Introduction to Connector Basics
GeaFlow supports reading and writing data from various connectors. GeaFlow identifies them as external tables and stores the metadata in the Catalog.
Syntax
CREATE [TEMPORARY] TABLE [IF NOT EXISTS] table (
id BIGINT,
name VARCHAR,
age INT
) WITH (
type='file',
geaflow.dsl.file.path = '/path/to/file',
geaflow.dsl.window.size = 1000
)
Declare a table to use a Connector, and the specific use as a Source/Sink is determined by the read/write behavior.
TEMPORARY is used to create a temporary table that is not stored in the Catalog.
If IF NOT EXISTS is not specified, an error will be thrown if a table with the same name already exists.
The WITH clause is used to specify the configuration information for the Connector. The type field is mandatory to specify the type of Connector to be used, for example, 'file' represents using a file.

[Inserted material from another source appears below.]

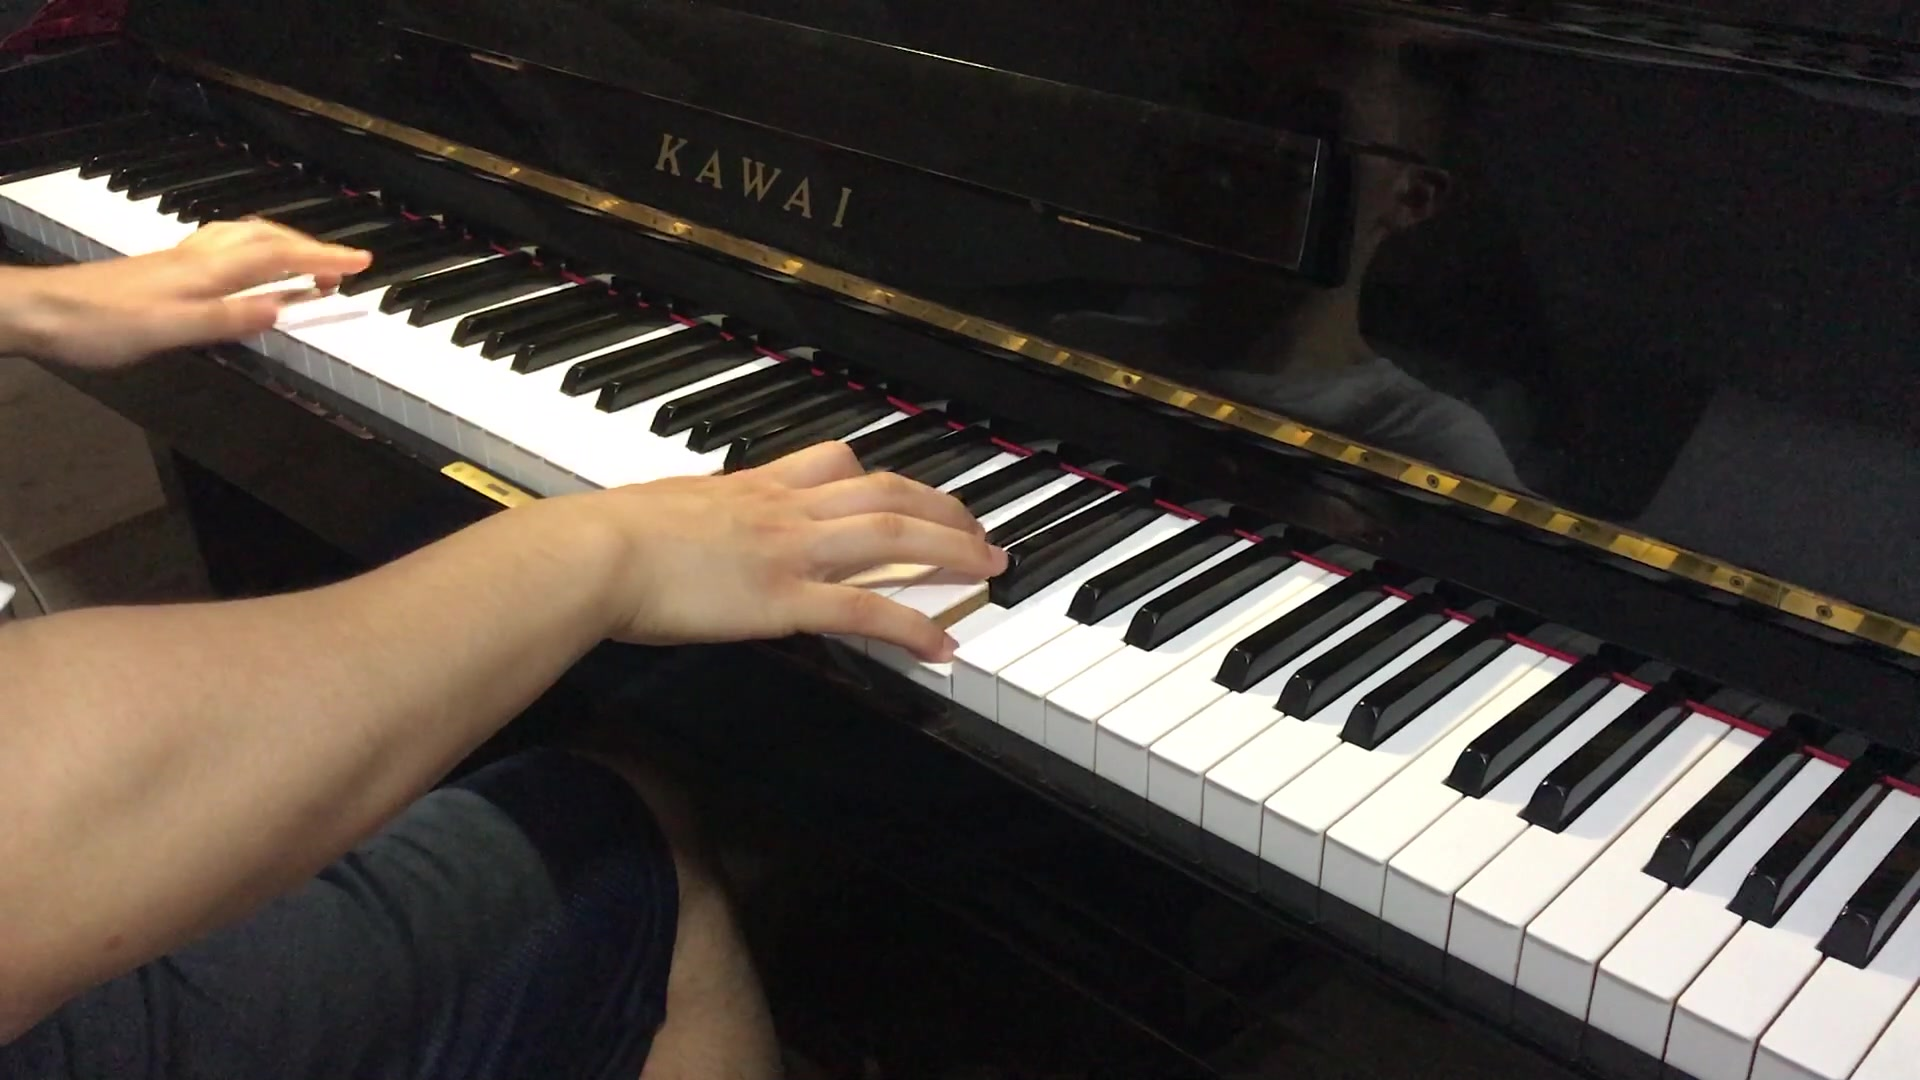 【钢琴】四月是你的谎言op 若能绽放光芒 (练习阶段)图片
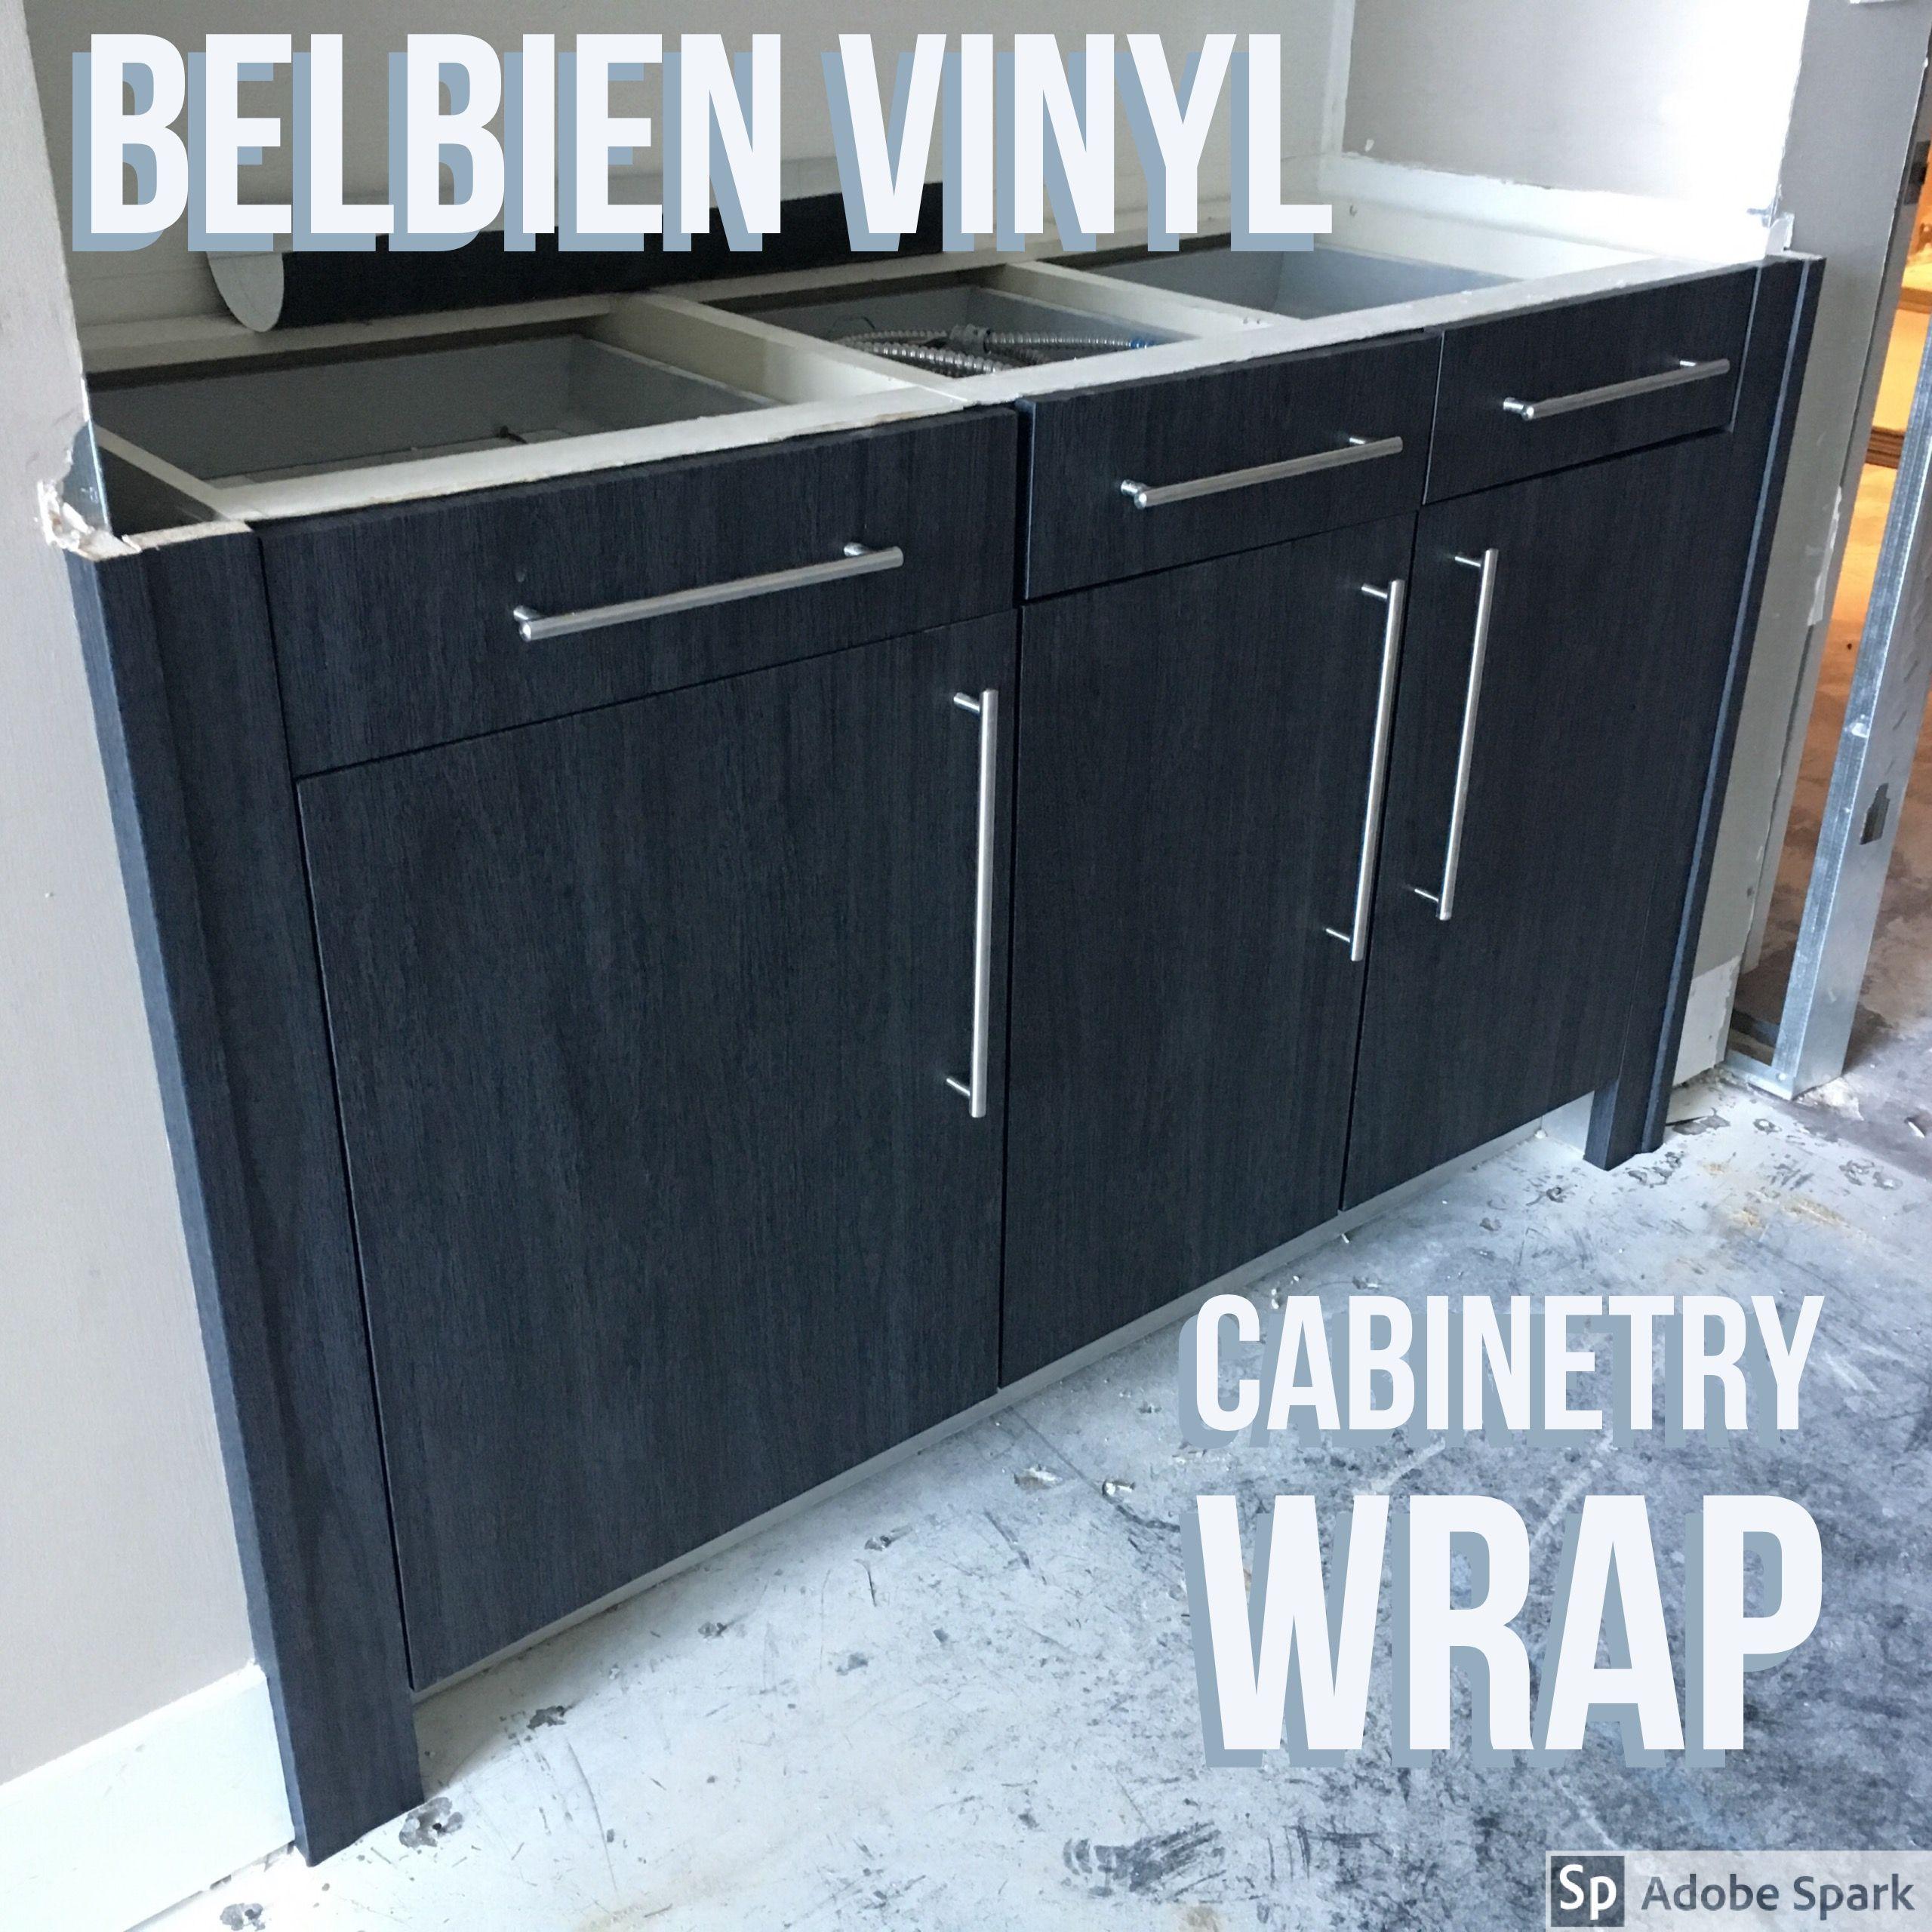 Bathroom cabinetry wrap We used Belbien vinyl Randy

Additionally, we can add table parameters in the WITH clause. These parameters will override the external (SQL file, job parameters) configurations and have the highest priority.
Common Options
Key | Required | Description |
---|---|---|
type | true | Specifies the type of Connector to be used |
geaflow.dsl.window.size | false | Important. -1 indicates reading all data as one window, which is batch processing. A positive value indicates several data as one window, which is stream processing. |
geaflow.dsl.partitions.per.source.parallelism | false | Groups several shards of the Source together to reduce the resource usage associated with concurrency. |
Example
CREATE TABLE console_sink (
id BIGINT,
name VARCHAR,
age INT
) WITH (
type='console'
);
-- Write one row to the log
INSERT INTO console_sink
SELECT 1, 'a', 2;